We can especify different parameters as learning rate (lr), our optimizar (start with standard SGD, in 5.3 we will
try another ones), batch size etc.
To define the arquitecture parameters for MyModule write them as module__<name of your parameter> = ....

Since we have to train it first with L2 regularization lambda1 should be equal to 0
'''
new_net = RegularizedNet(module=MyModule, criterion=torch.nn.NLLLoss, 
                        optimizer=..., lr = 0.001, lambda1 = 0,  module__dropout = ...,
                        optimizer__weight_decay = ...)
    

In [None]:
'''Step - train the network'''

new_net.fit(X_train, y_train)
y_pred_probs = new_net.predict(X_test)
'''
Look how your loss is going down as well as the validation accuracy is increasing 
'''

In [None]:
'''Step - Predict for the test set and print the final accuracy score, your validation accuracy obtained in the previous
cell should be similar to the accuracy in the test set
'''
y_pred = new_net.predict(X_test)
accuracy_score(y_test, y_pred)

In [None]:
'''The idea is that you should get more than 98% of accuracy, so try different parameters as requested in the main pdf
The fit method is already showing you a validation error which can be used to compare between different parameters.

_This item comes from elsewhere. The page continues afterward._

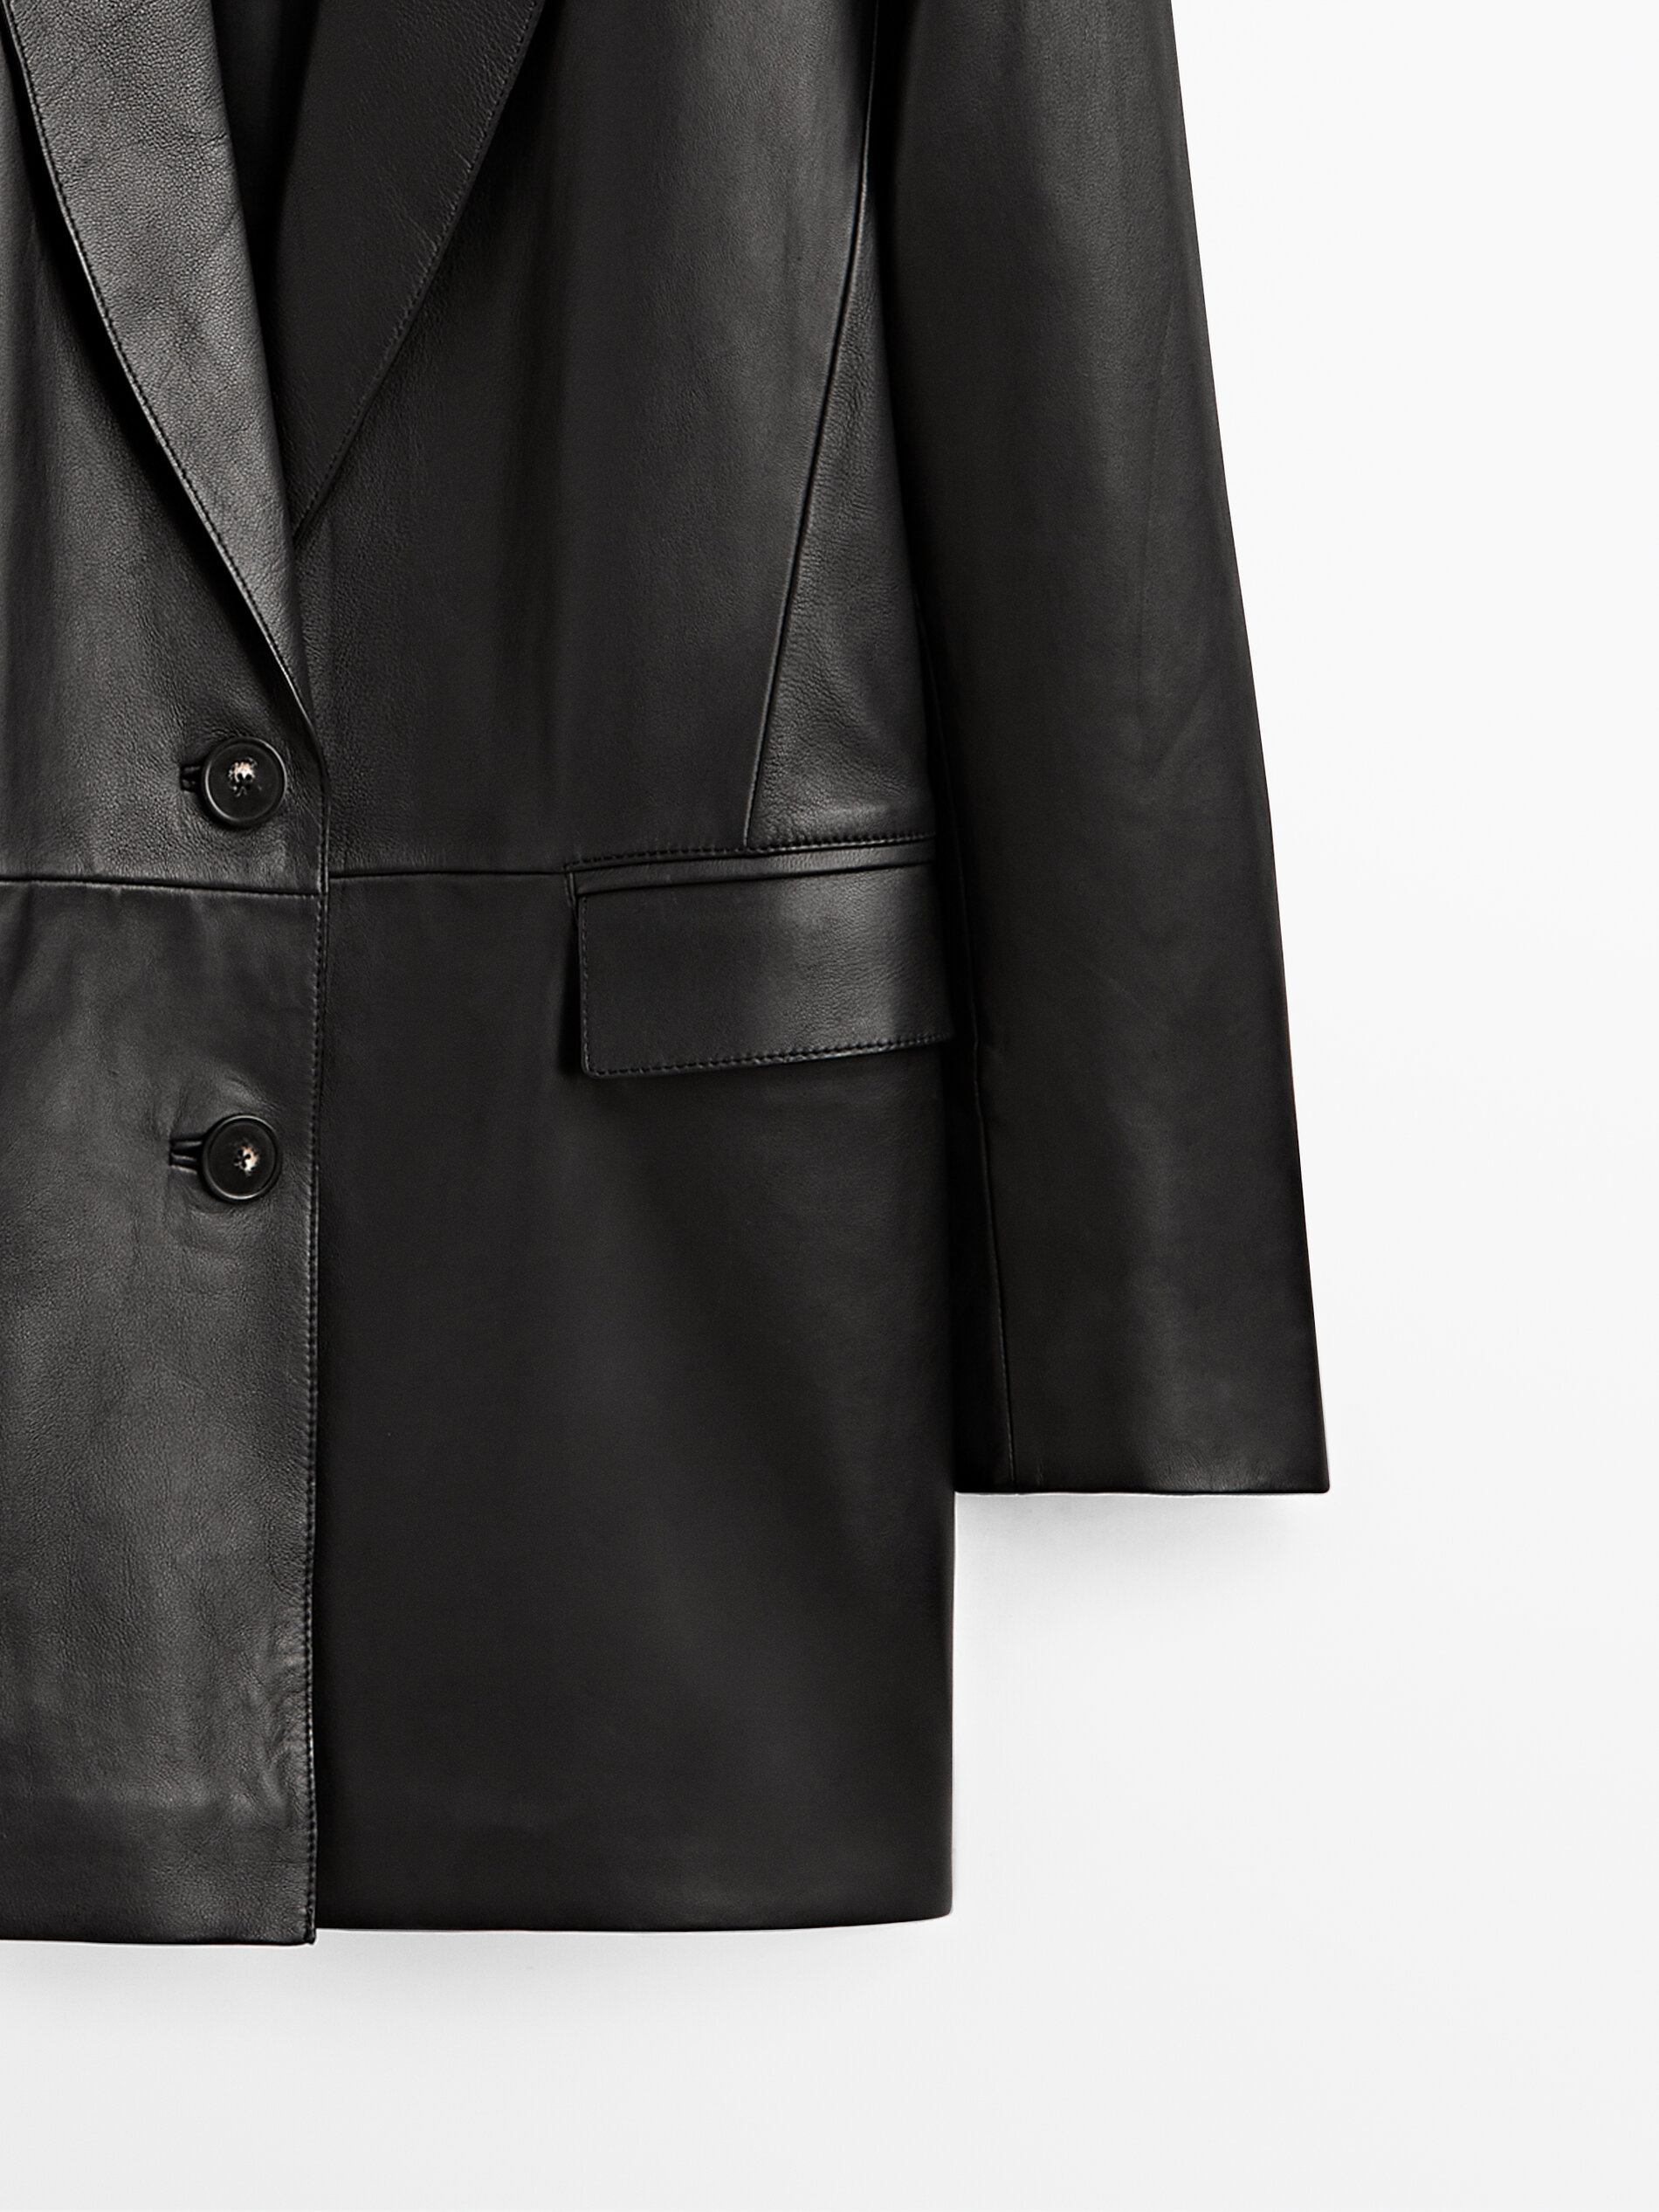 Black nappa leather blazer - Massimo Dutti Slovenia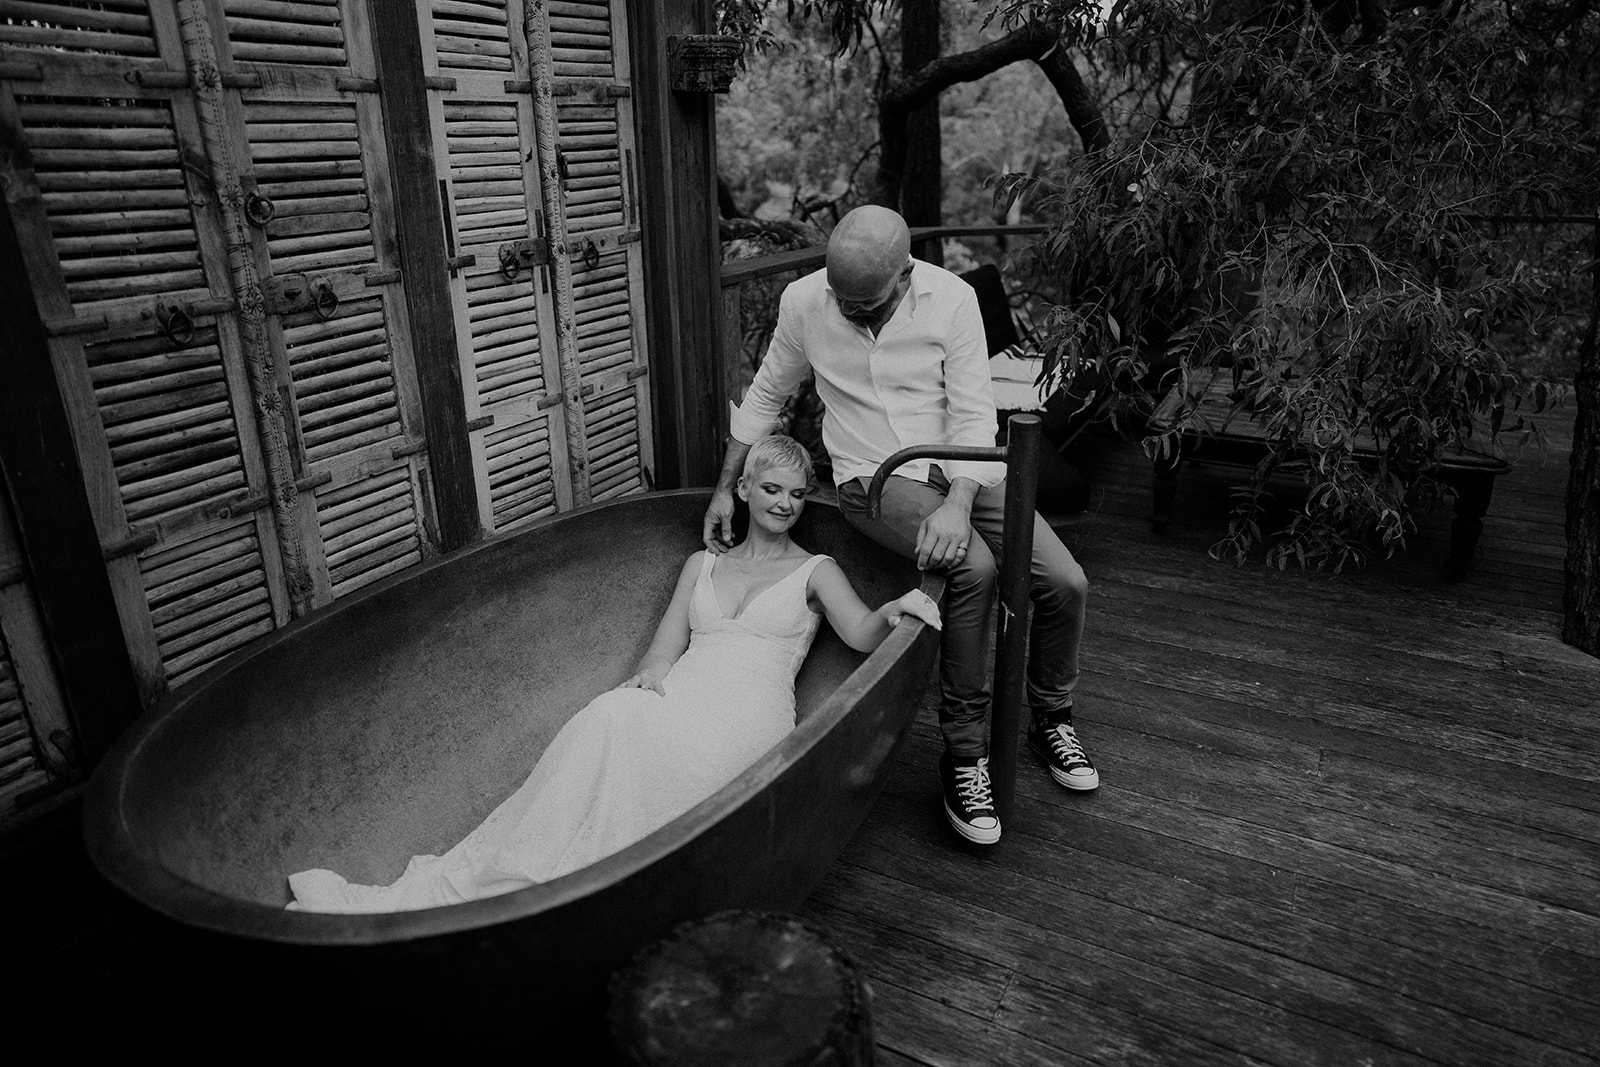 Bride and groom, having fun in an outdoor bathtub in Kangaroo Valley

for the final submission leave the best parameters in your RegularizedNet(...)
'''
'''
Instead of doing it manually skorch allows us to use GridSearchCV from sklearn 
'''
from sklearn.model_selection import GridSearchCV

'''
Step - define a grid with some parameters that you consider may give you good results and 
the code will do the rest for you

* Especially take into account the parameters we are asking for to tune:  
Learning rate, regularization parameter, and the number of nodes

'''

grid = {
    'lr': [0.001, 0.1,...],
    'other parameter': [....]
}

'''
Important that you keep refit = True
'''
gs = GridSearchCV(new_net, grid, refit=True, cv=5, scoring='accuracy')


'''
Finally fit
'''
gs.fit(X_train, y_train)

#Report Best Parameters
print(gs.best_score_, gs.best_params_)


# Problem 5.2

In [None]:
'''
Step - Now we are going to train the network with L1 regularization instead of L2 and dropout,
we are going to create a new network with a lambda1 parameter different than 0
- Keep the rest of the parameters you used in the previous network but dropout and L2 parameters are 0 
'''

new_net_l1 = RegularizedNet(module=MyModule, criterion=torch.nn.NLLLoss, 
                        optimizer= ..., lr = 0.001, lambda1 = ...,  module__dropout = 0,
                        optimizer__weight_decay = 0)

In [None]:
#Refer to https://skorch.readthedocs.io/en/stable/user/save_load.html

import pickle

#Transfer Learning - 
#The following code will transfer the weights from L2 trained networks to initialize the new network before L1 training

'''

Notes - I assumed you have trained your L2 network using Skorch's NeuralNetClassifier
        I assume your trained model object is called "new_net"

'''

#Step - 1 - Save weights from L2 network

new_net.save_params(f_params='some-file.pkl') #This comes after net.fit(). You are saving the model weights in a pickle


#Step - 2

new_net_l1.initialize()
new_net_l1.load_params(f_params='some-file.pkl')



In [None]:
'''
Step train the network with the weights transfered from new_net, and perform grid search for the lambda1 parameter
'''

In [None]:
'''
Step train the network with default initialization parameters
we can simply initialize with the same code as before (make sure to use the same parameters)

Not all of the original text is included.